■ Aim of the exercise
Nothing but the text belongs in the answer: the listing below, copied exactly, without pictures.

■ Information shown
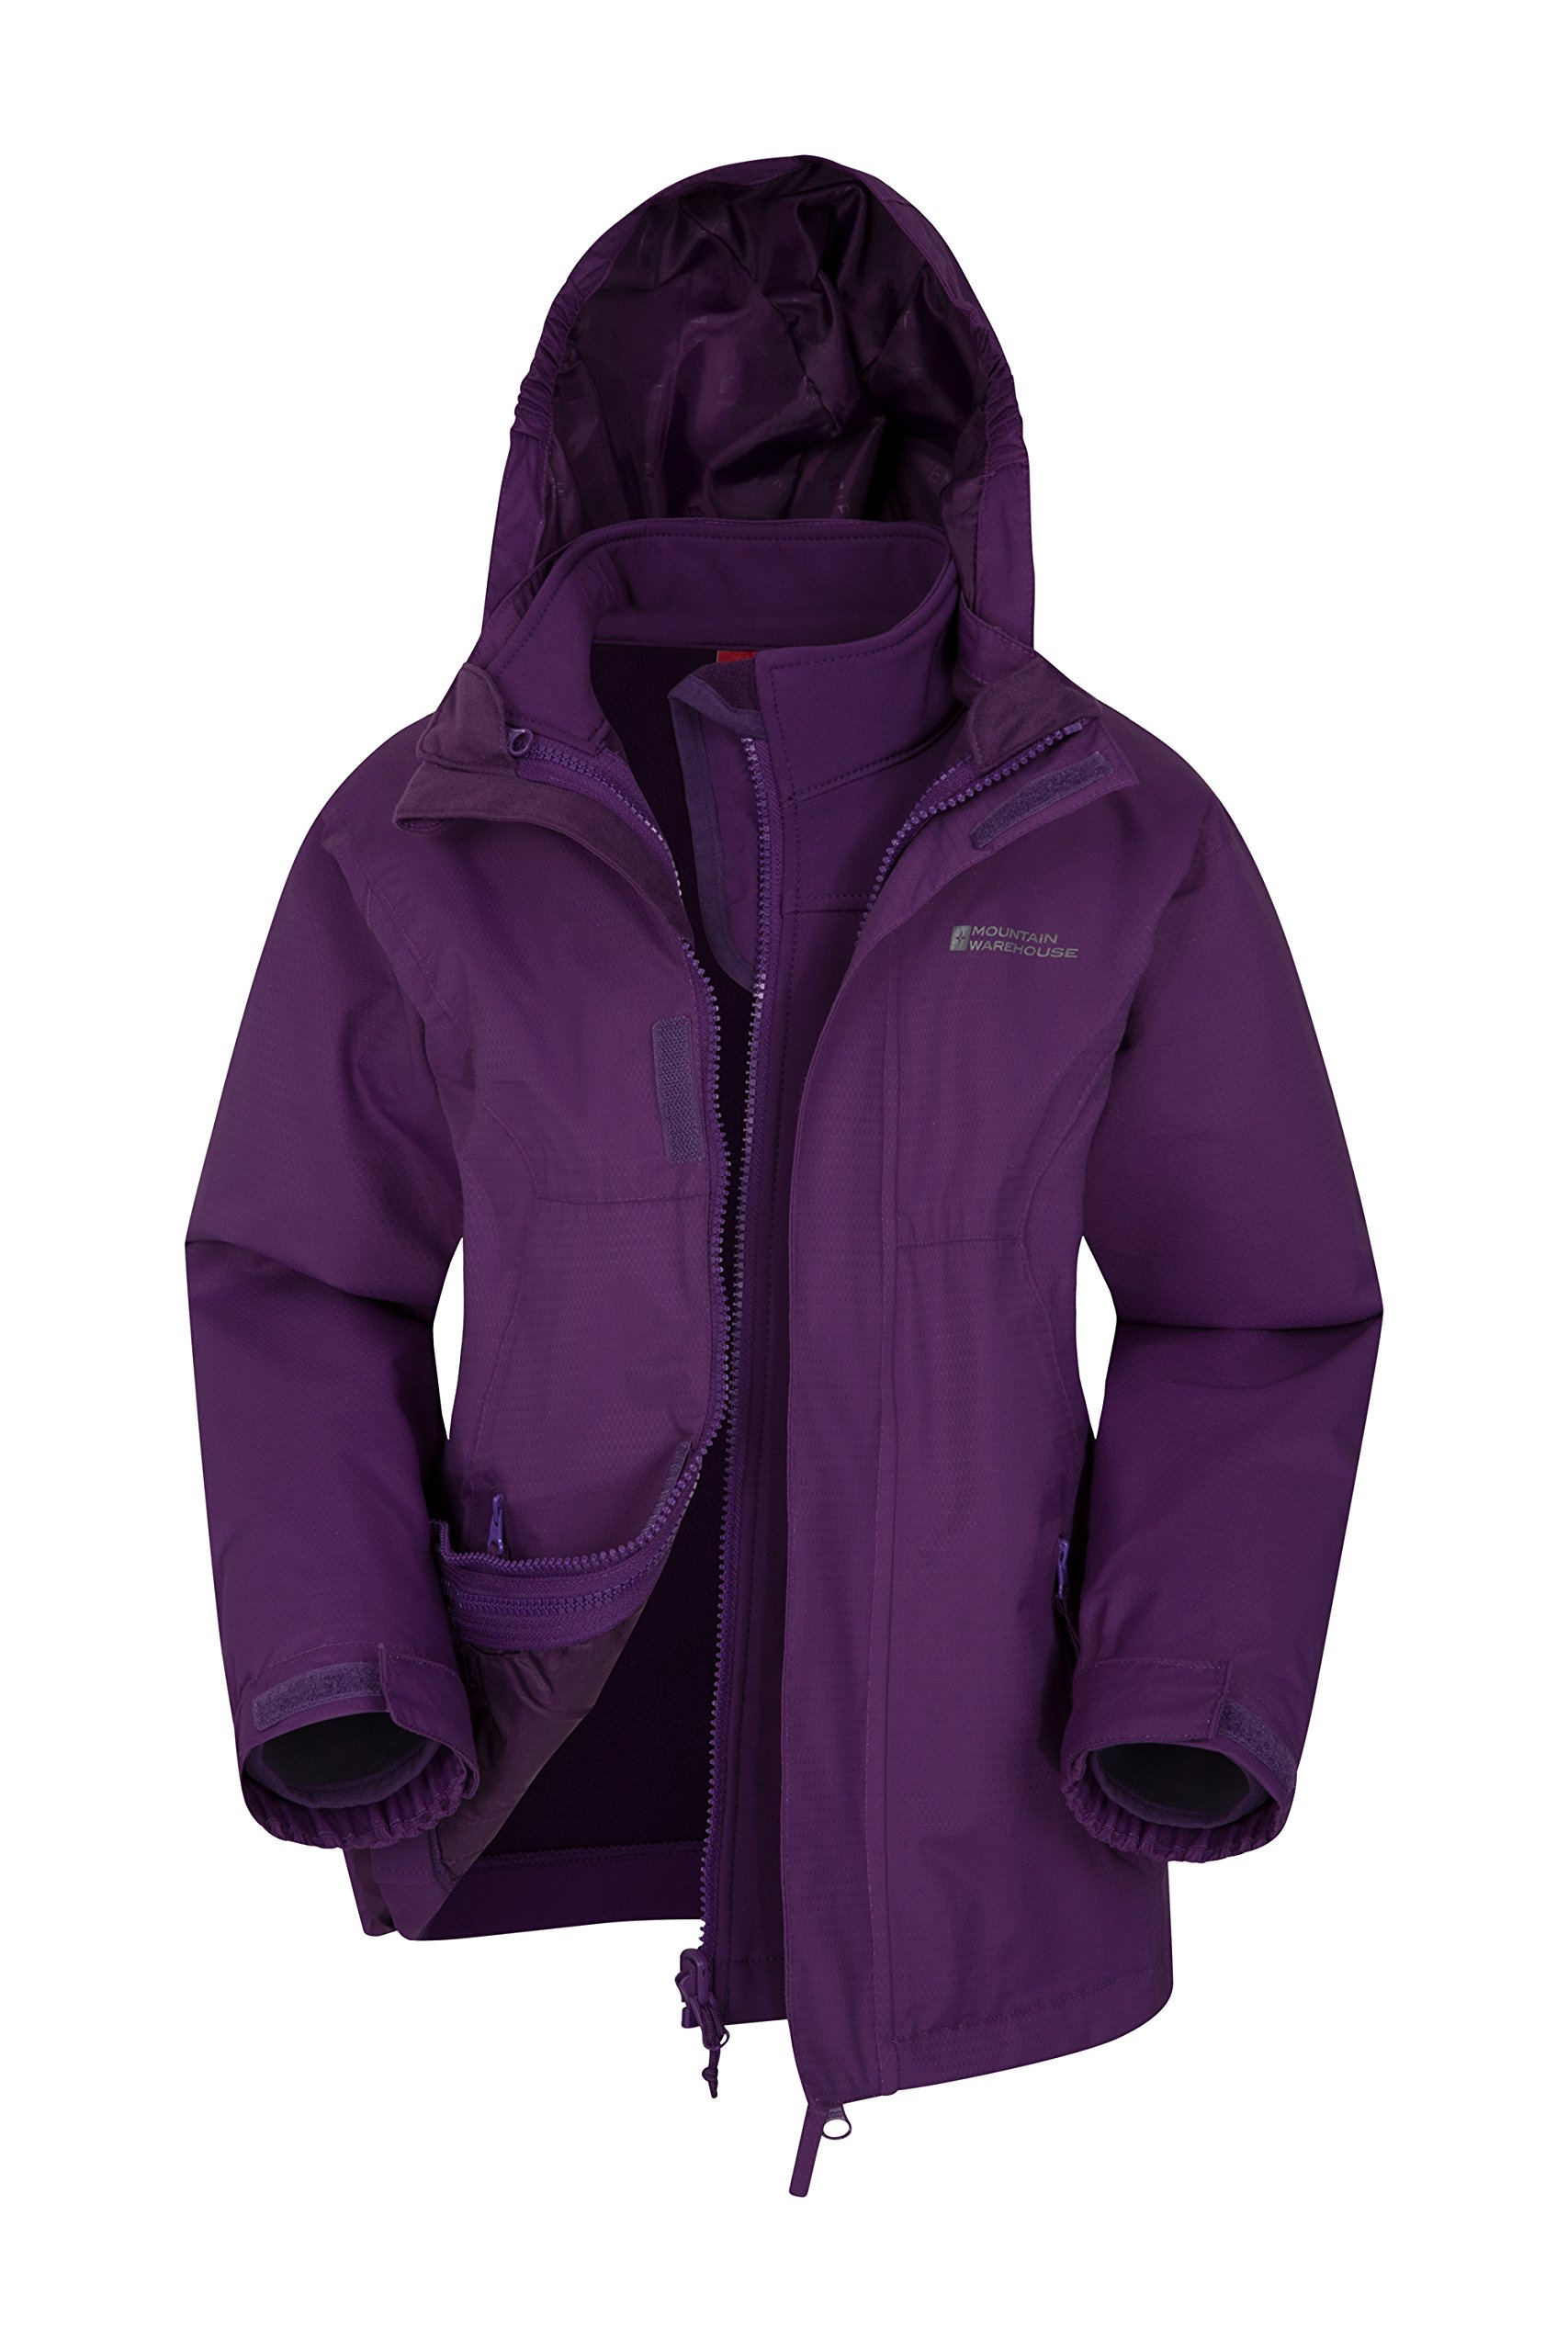 Mountain Warehouse Bracken Extreme Kids 3 in 1 Jackets - Waterproof Boys & Girls Rain Jacket, Breathable, Taped Seams, Mesh Lined Kids Coat - for Winter Travelling
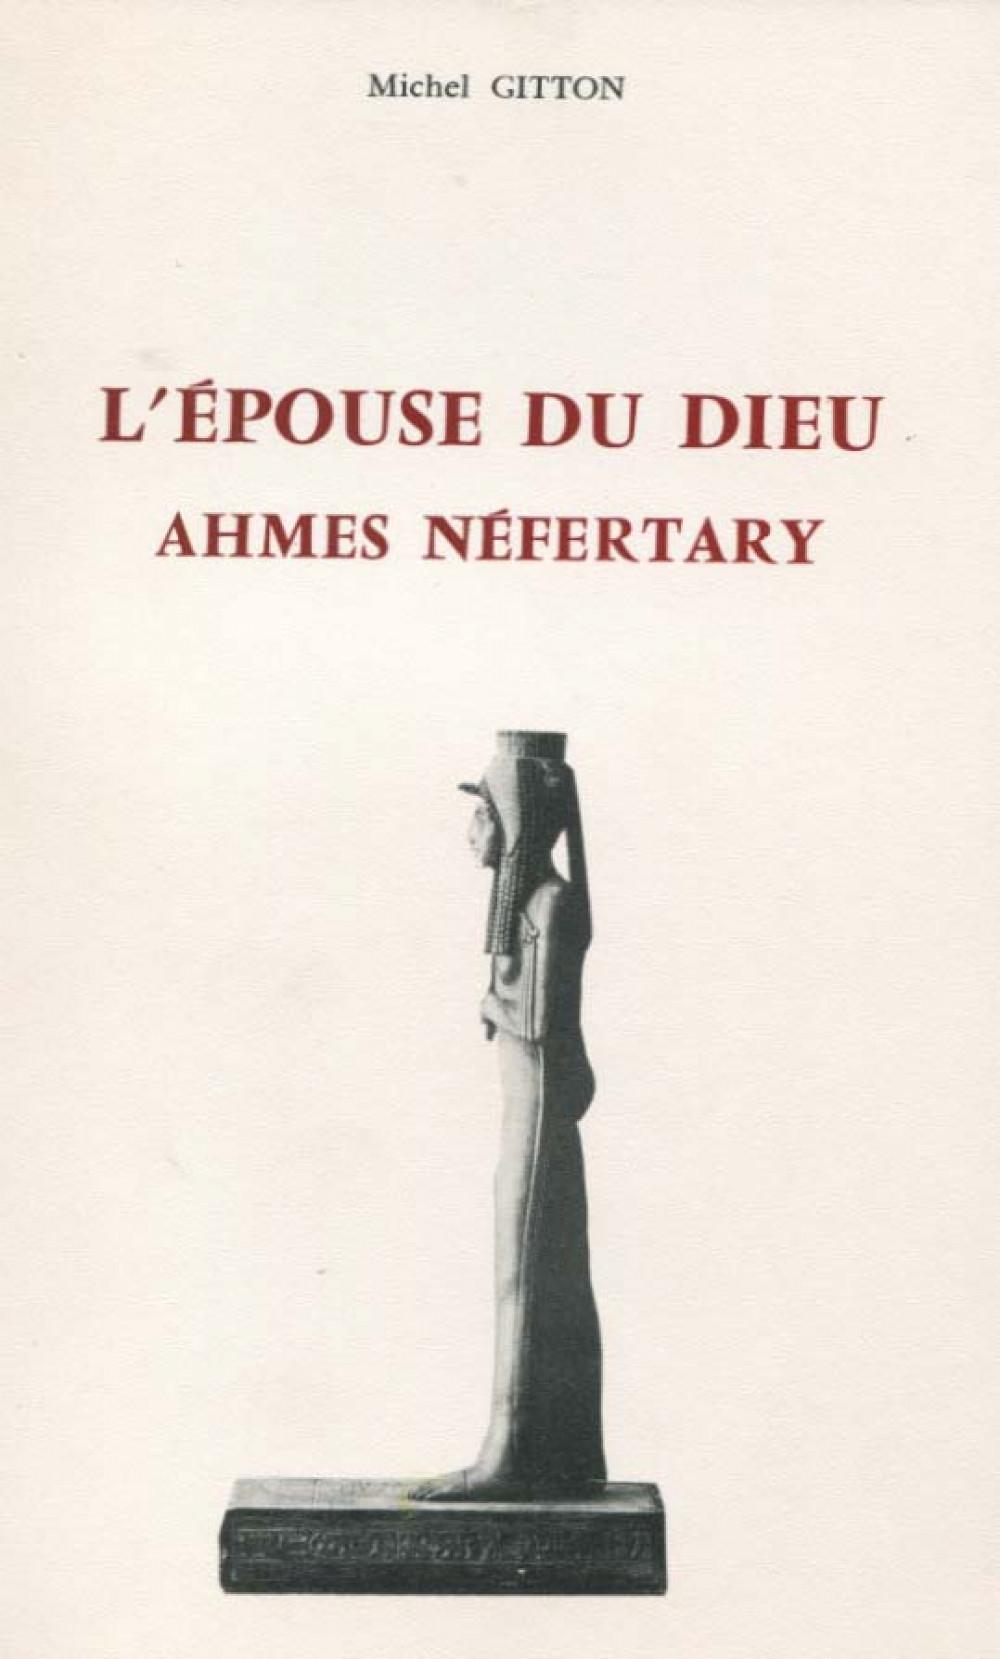 L'épouse du dieu Ahmes Néfertary
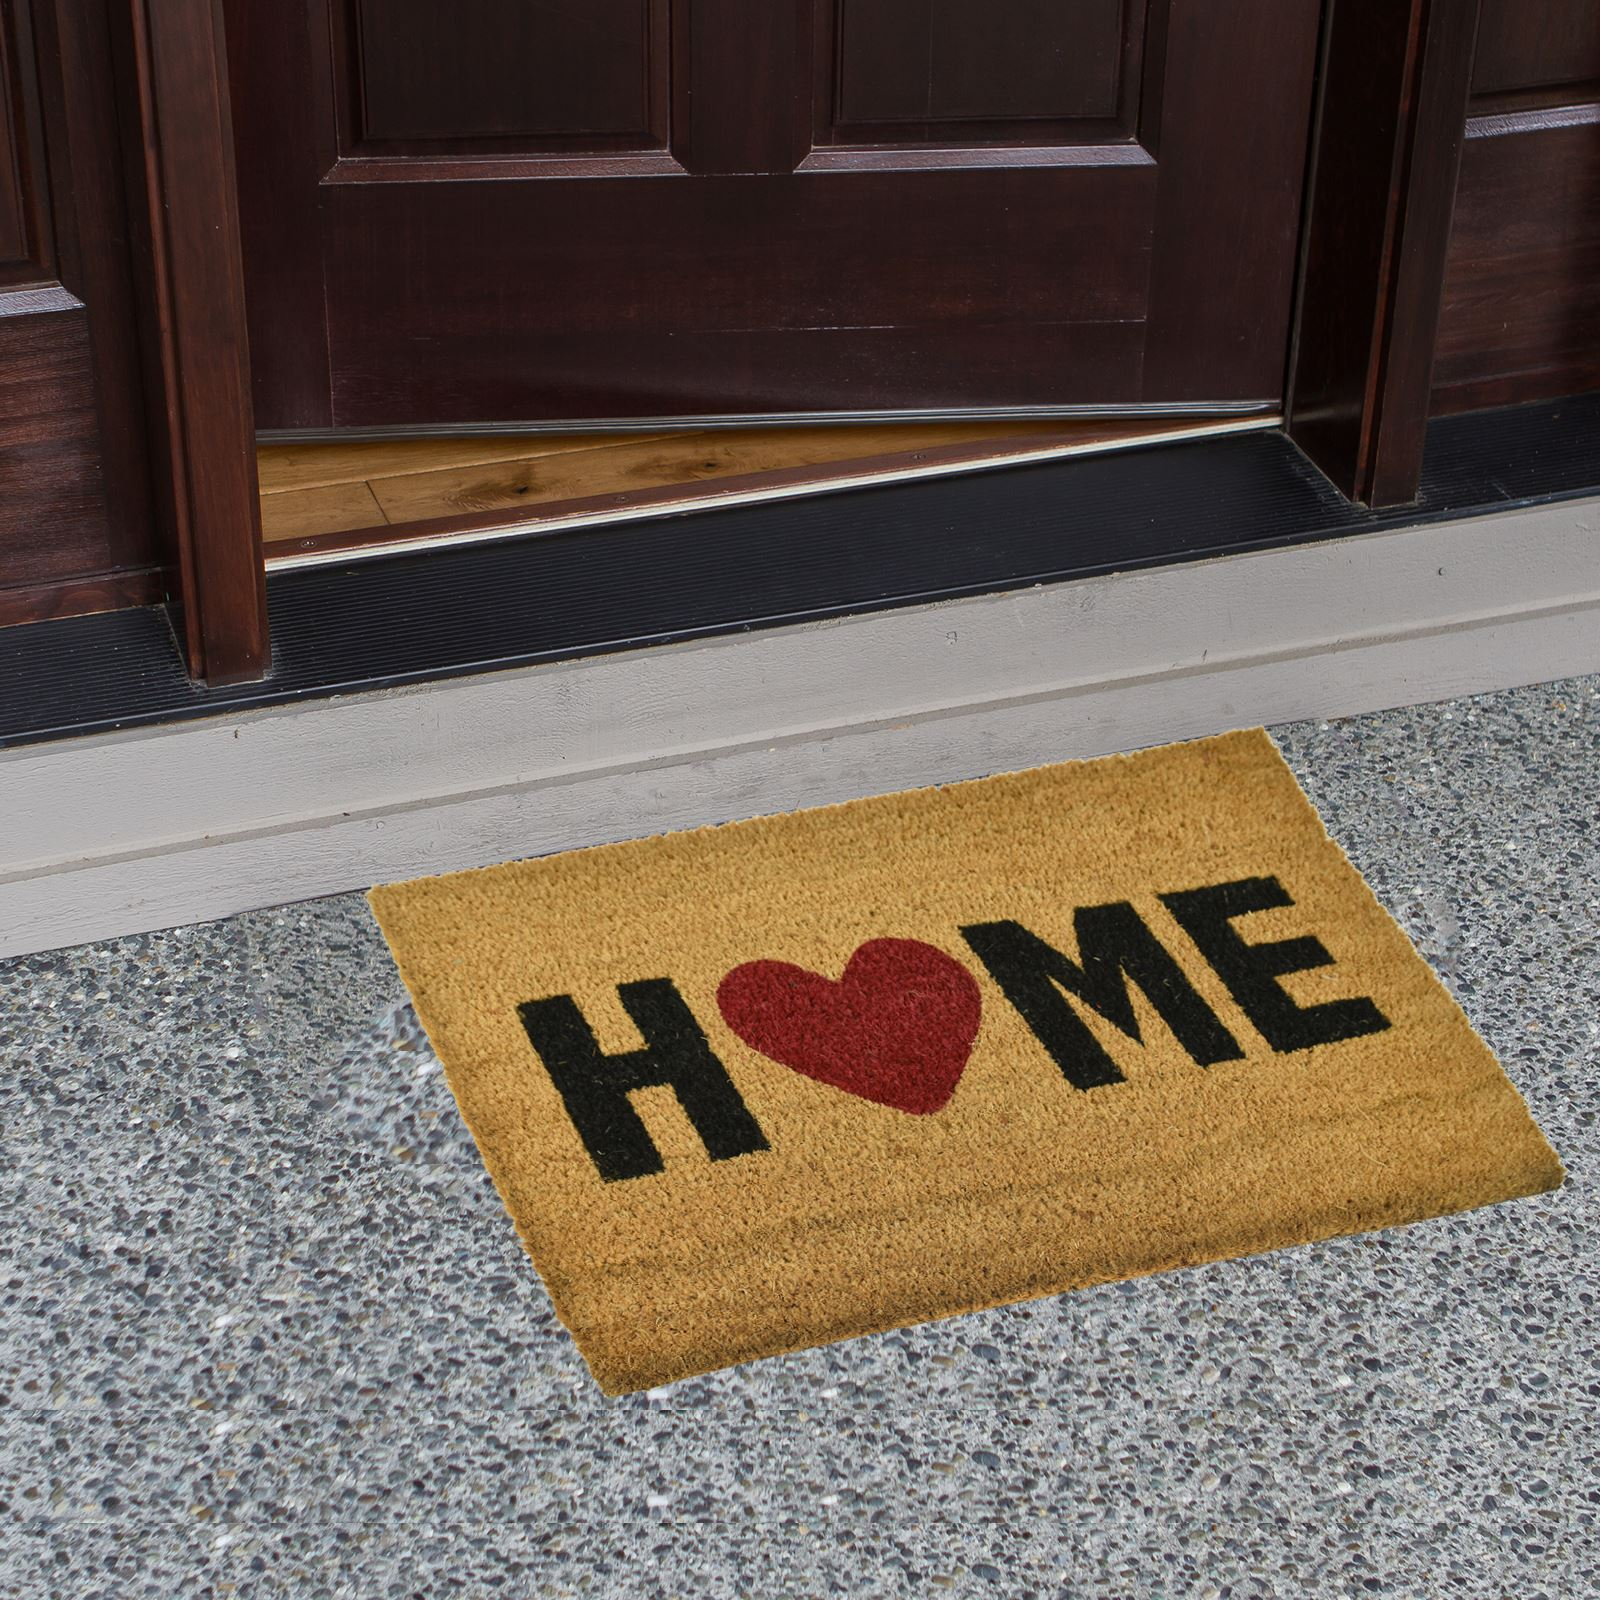 large welcome door entrance mat indoor outdoor non slip. Black Bedroom Furniture Sets. Home Design Ideas
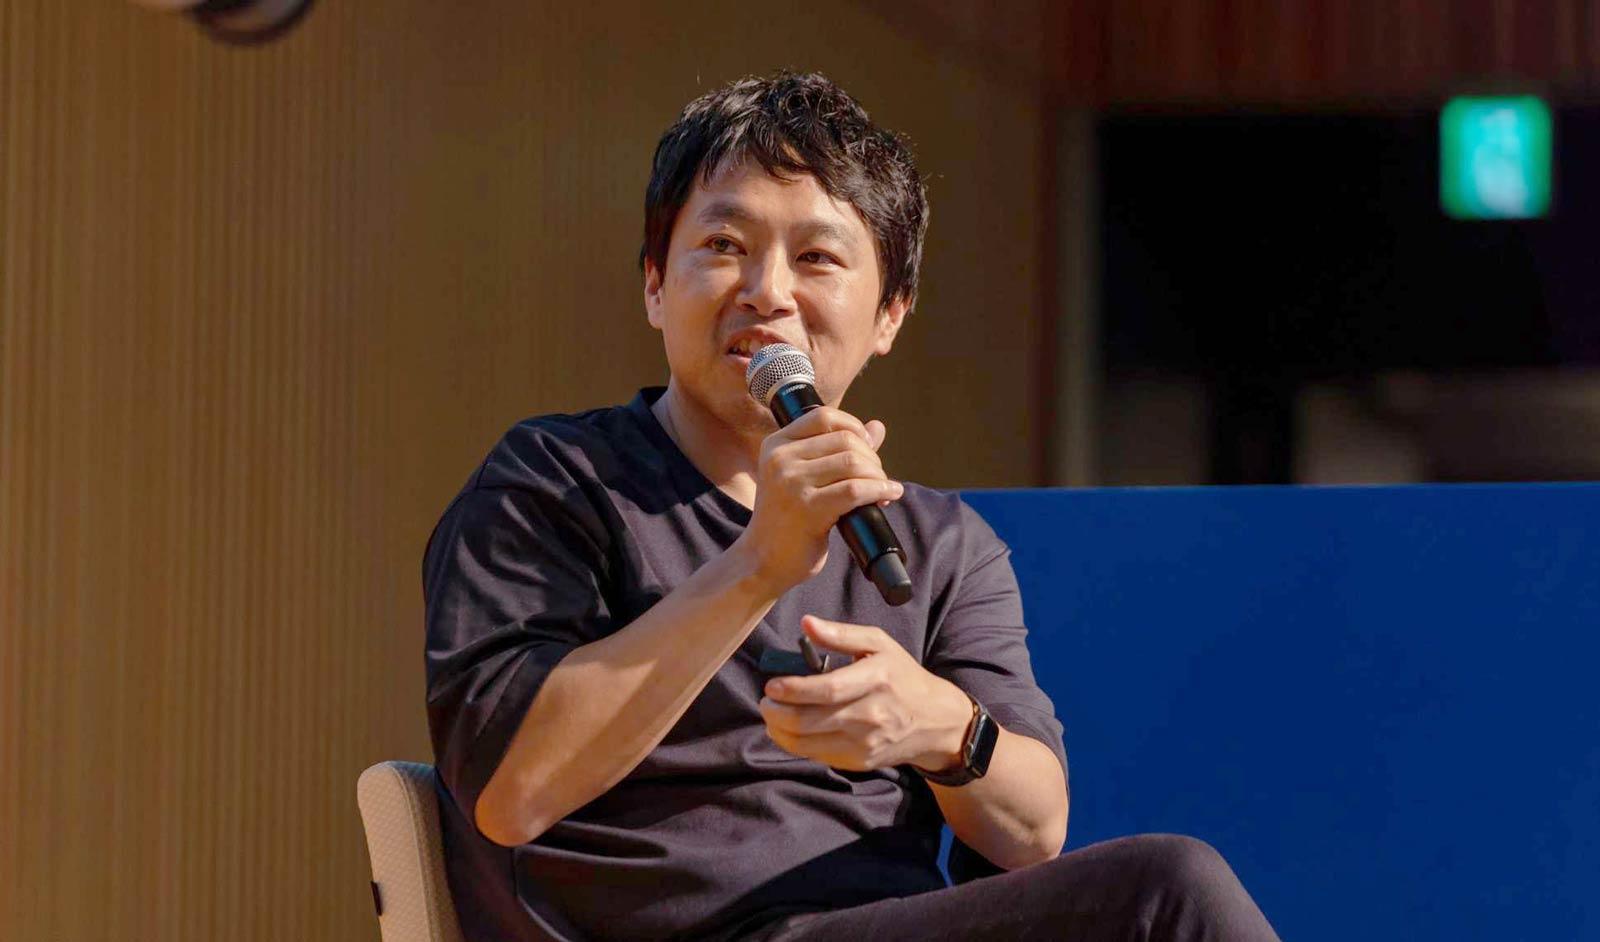 ブライトコーブ株式会社 VP, Business Development 北庄司 英雄氏

■ Exercise output
 Mountain Warehouse Bracken Extreme Kids 3 in 1 Jackets - Waterproof Boys & Girls Rain Jacket, Breathable, Taped Seams, Mesh Lined Kids Coat - for Winter Travelling
 L'épouse du dieu Ahmes Néfertary
 large welcome door entrance mat indoor outdoor non slip. Black Bedroom Furniture Sets. Home Design Ideas
 ブライトコーブ株式会社 VP, Business Development 北庄司 英雄氏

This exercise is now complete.